TASK REQUIREMENTS: All the lines below should appear again unchanged, though their pictures should not.

DATASET EXTRACT:
---------------

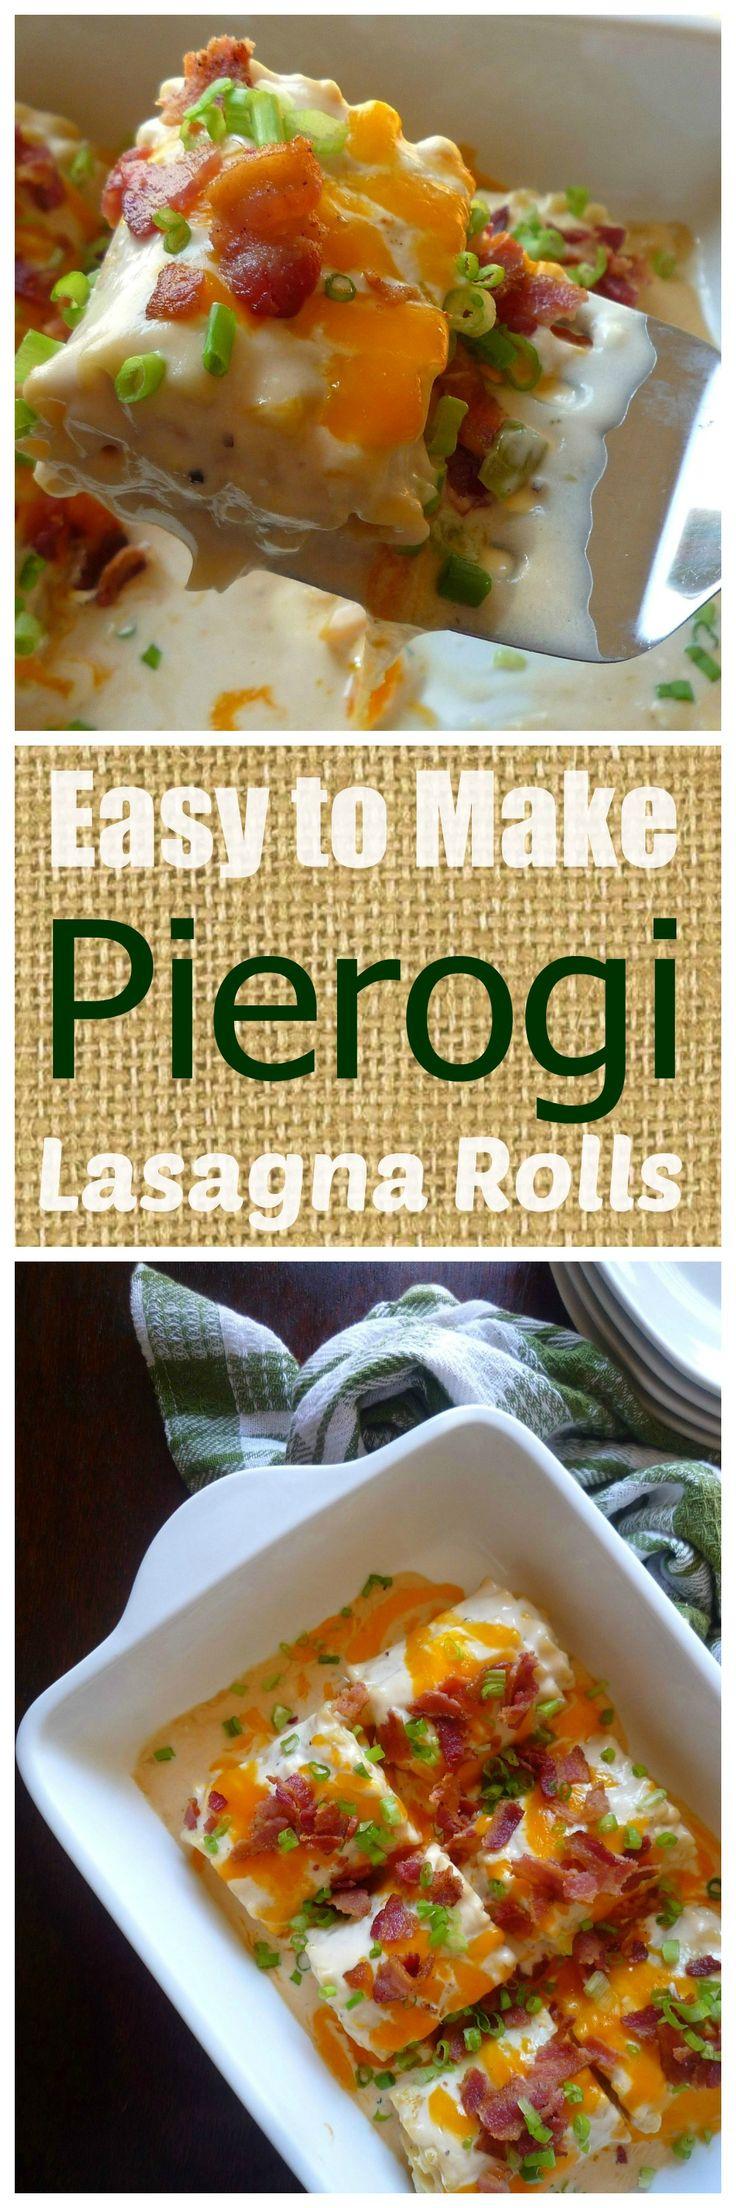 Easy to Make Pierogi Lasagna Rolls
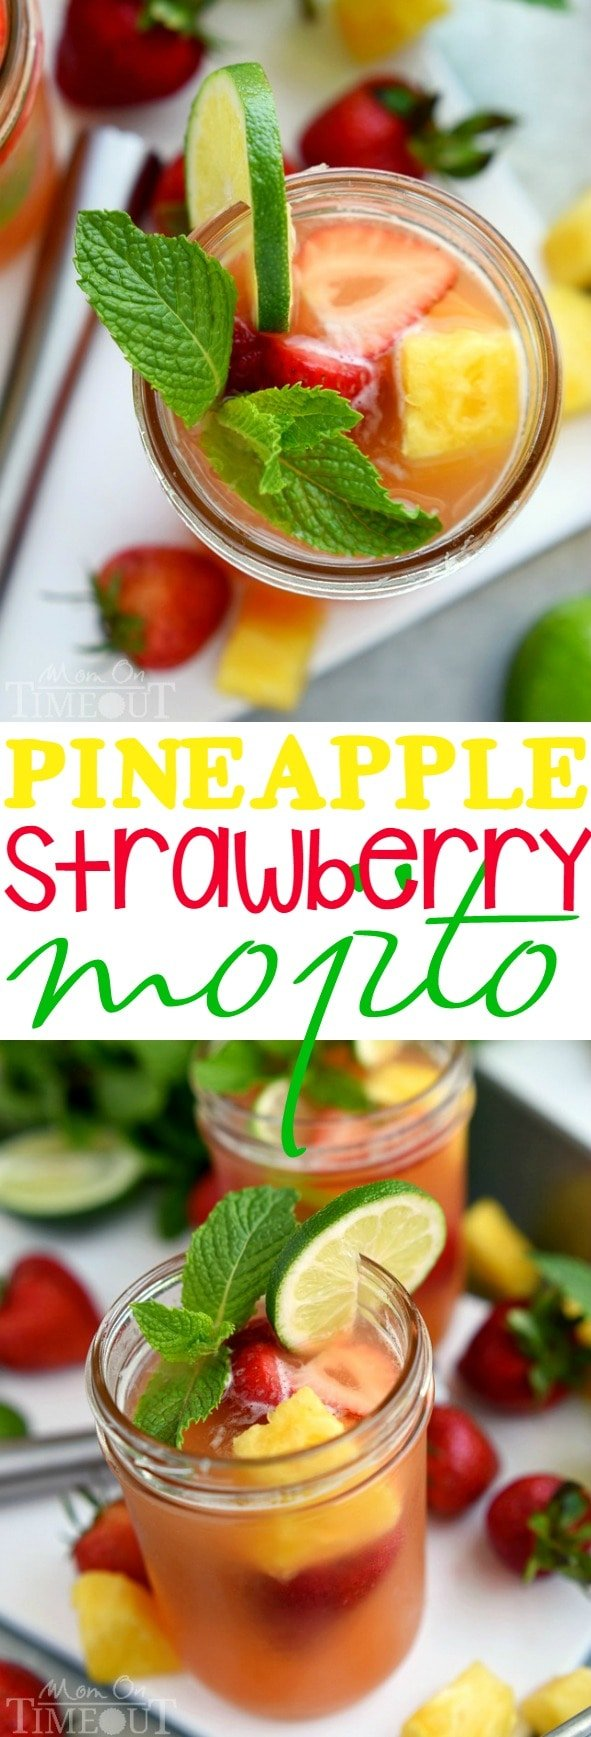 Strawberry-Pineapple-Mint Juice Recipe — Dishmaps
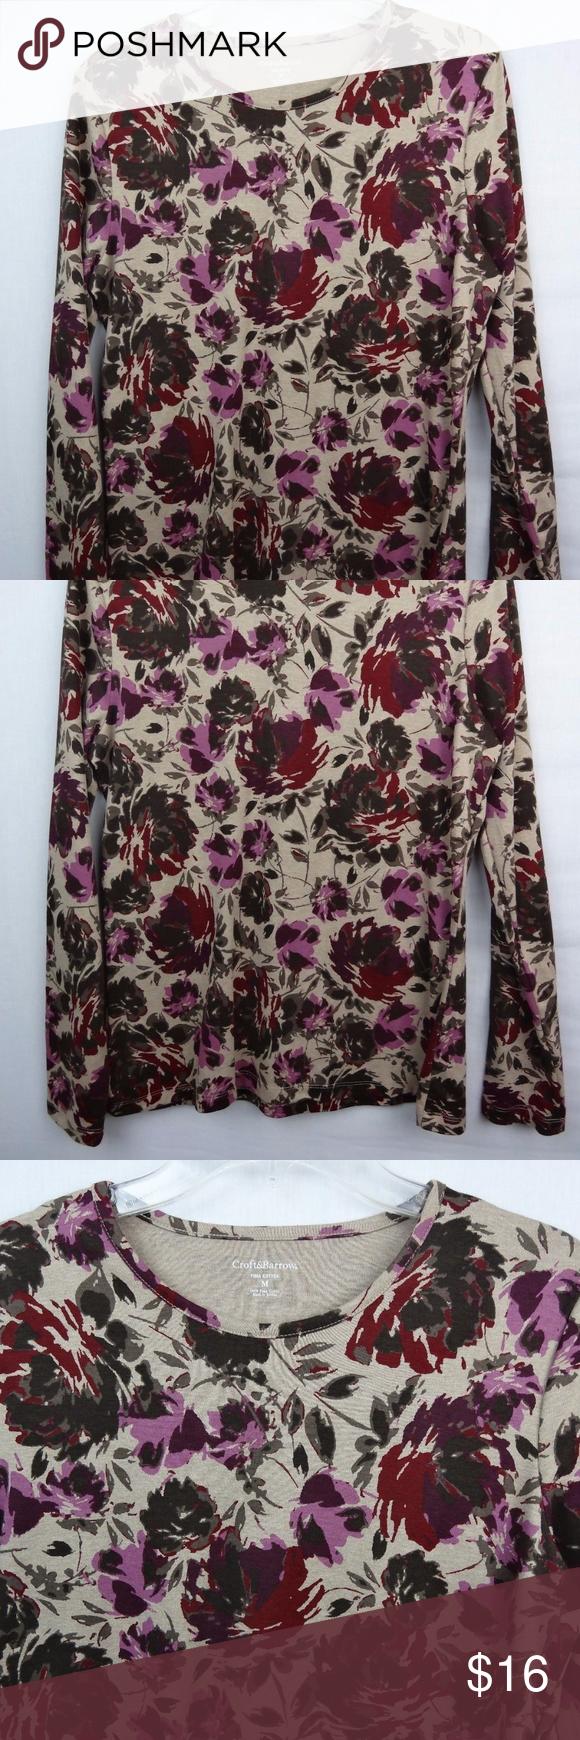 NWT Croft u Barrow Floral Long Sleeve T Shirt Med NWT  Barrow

---------------

RESULT:
 Easy to Make Pierogi Lasagna Rolls
 Strawberry-Pineapple-Mint Juice Recipe — Dishmaps
 NWT Croft u Barrow Floral Long Sleeve T Shirt Med NWT  Barrow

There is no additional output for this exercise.